Надтреснутый голос

Надтреснутый голос

«Сначала была Ольга Краузе и только через 15 лет стали появляться Земфира, Ночные Снайперы и т.д. Эти появились уже в эпоху шоу-бизнеса, когда артиста раскручивают за деньги. А Ольге уже было за 40 и ее посчитали неперспективной. Потом, когда ее, совершенно непрактичную в житейских делах, оставили без дома и средств существования, долгие годы мытарств, выживания и полного забвения и, только в 2004 году, она снова вернулась на сцену.

Ольга Краузе настоящий поэт, живущий за пределами расчета и практицизма. Не мудрено, что у нее нет ни своего дома, ни счета в банке. Это настоящая перелетная птица, для которой важнее, чем дышать, петь и быть услышанной. Ее творчество и сегодня интересно и молодому, и старшему поколению.»

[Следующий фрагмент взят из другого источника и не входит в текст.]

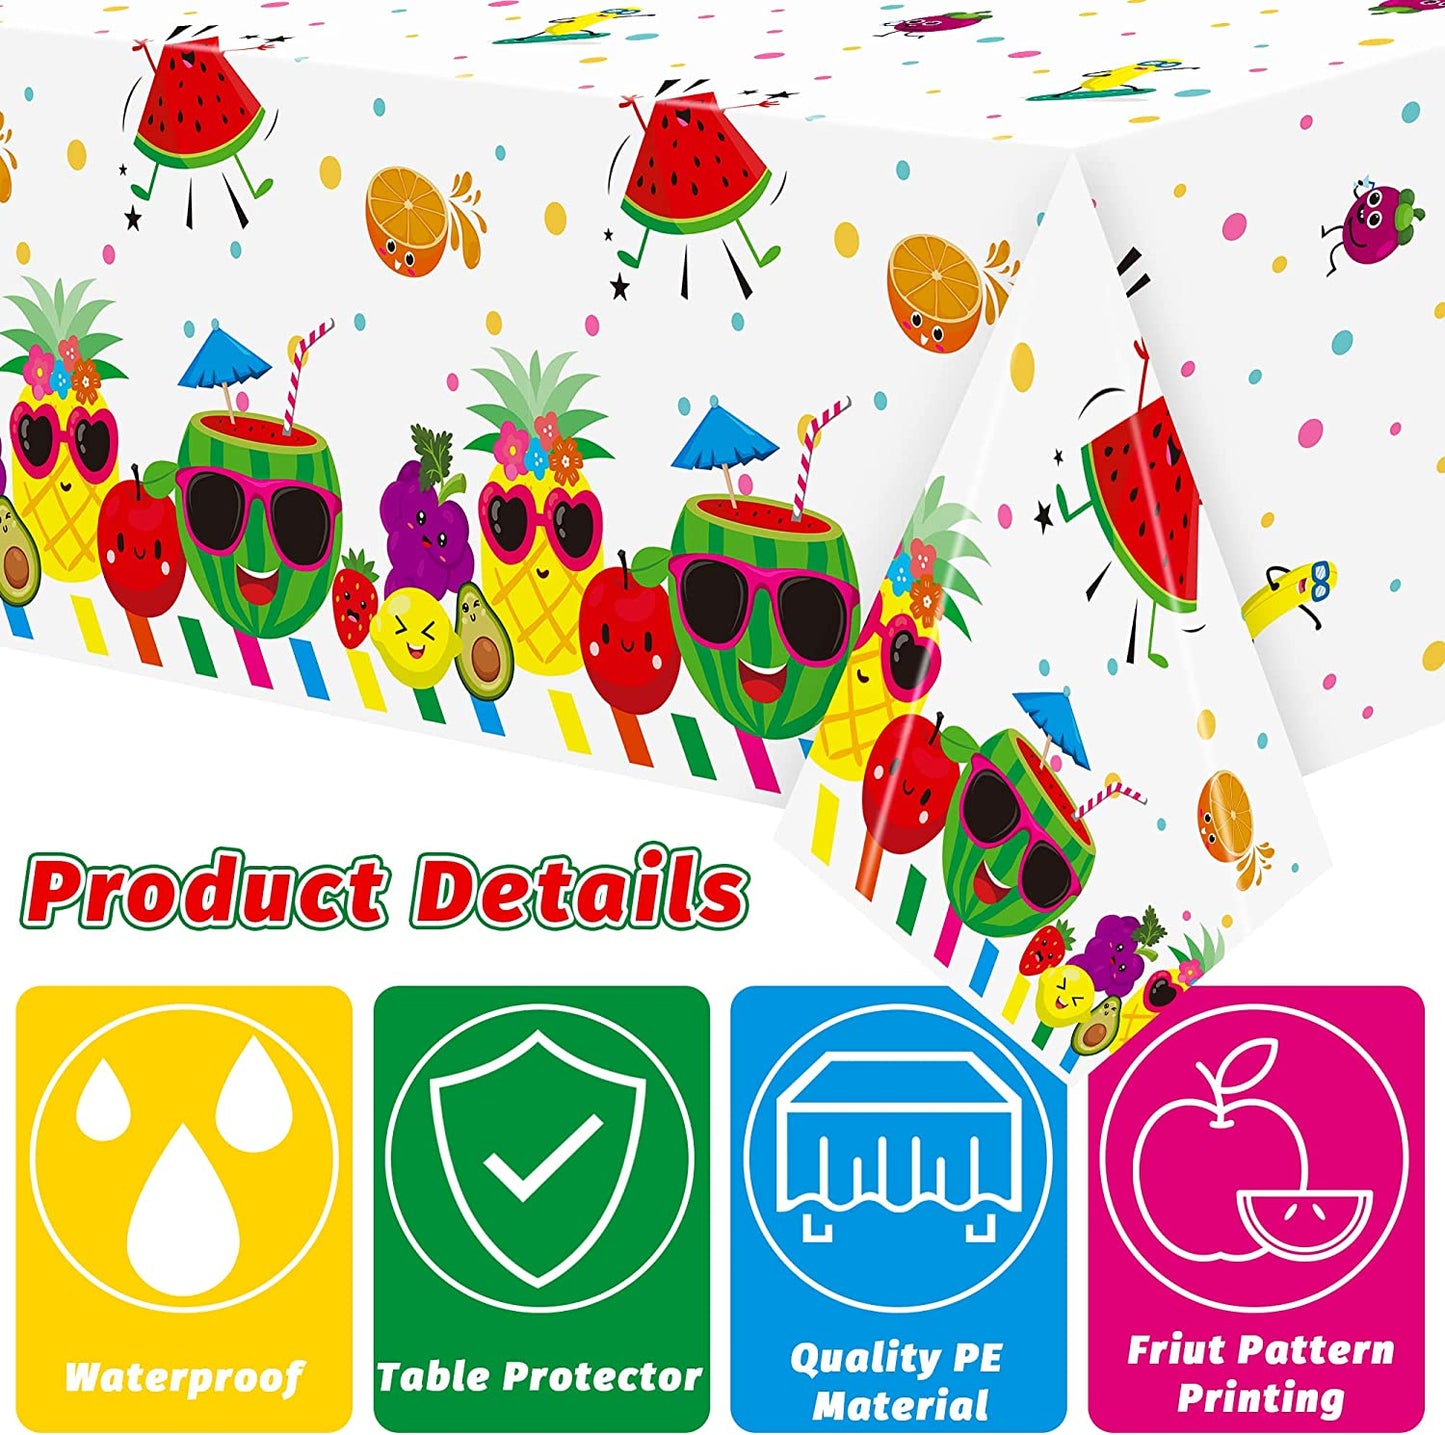 BkeeCten 3 Packs Fruit Theme Table Cover Decorations Watermelon Pineapple Disposable Plastic Tablecloths for Kids Birthday Baby Shower Summer Fruit Hawaii Party Decorations Supplies, 54x108 inch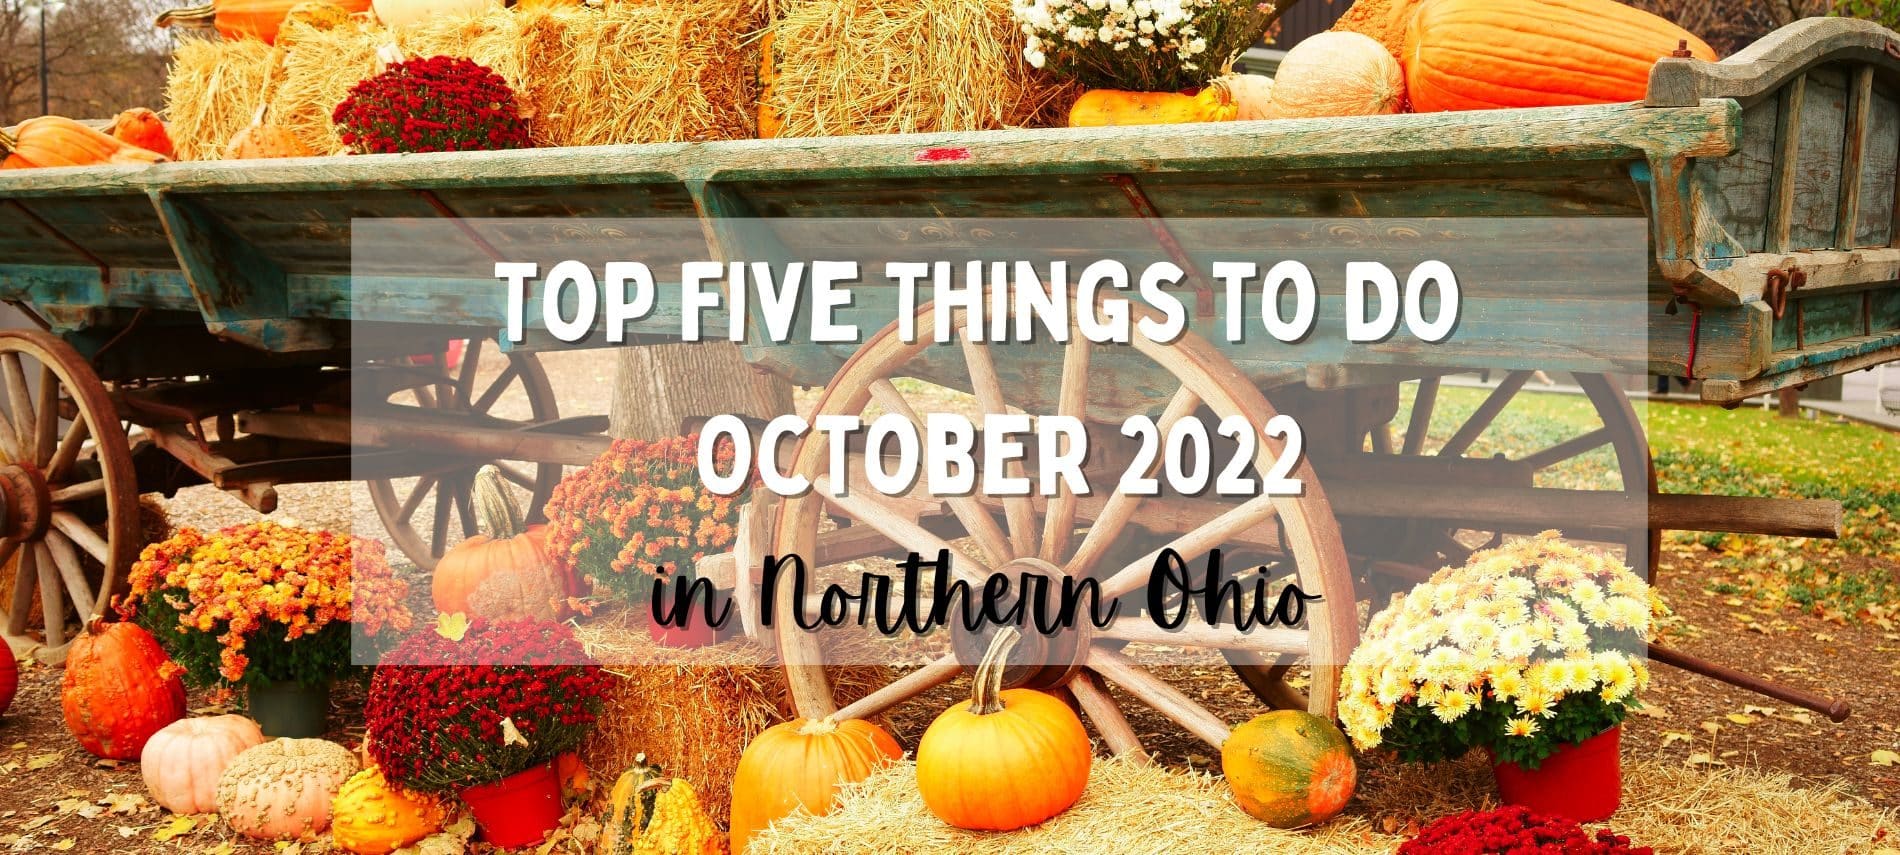 Pumkins, grourds and fall flowers in orange, bunr umber, yellow and brown on a farm wagon with text: Top Five Things to Do October 2022 in Northern Ohio

Текст подходящий — автор, наверное, коллективный.

Мы познакомились на презентации ее книги прозы «Отпетая жизнь».

Ольга Краузе — вообщем, уже классик, хотя и не намного старше меня.

А с виду — она вообще совсем какой-то пацан. То есть, я как художник по костюмам, пыталась ее превратить в нечто напоминающее Софью Парнок.

То есть, пыталась подвинуть в строну кружевных жабо, бархатных курточек и рассыпанных кудрей.

Даже срезала ее панковскую косичку на макушке, и припрятала.

Потому что у меня с Америки осталась привычка — все, связанное с классиками, в результате можно продать коллекционерам.

Но как только Краузе вышла из под моего влияния и умотала на зимние гастроли, она опять вернулась к своему панковско-хипповскому стилю.

Весной и летом ездит по Питеру на самокате.

А влияние у нас явно было друг на друга: мы ведь сестры по цеху — обе из работников песни.

Ольга гениально играет на семиструнке, и мы с ней несколько моих песен записали. Ее собственные песни я люблю, среди них есть несколько удивительно прекрасных. И ни кого не похожих.

Голос ее такой, который называется «надтреснутый» — мне очень нравится.

Между тем Ольга Краузе, помимо всего прочего — поэт, и всегда на концертах читает стихи. «Помимо всего прочего» — потому, что Ольга еще и отличный художник, причем художник-самоучка, у нее врожденное чувство линии.

Вот тут много разной информации про Ольгу.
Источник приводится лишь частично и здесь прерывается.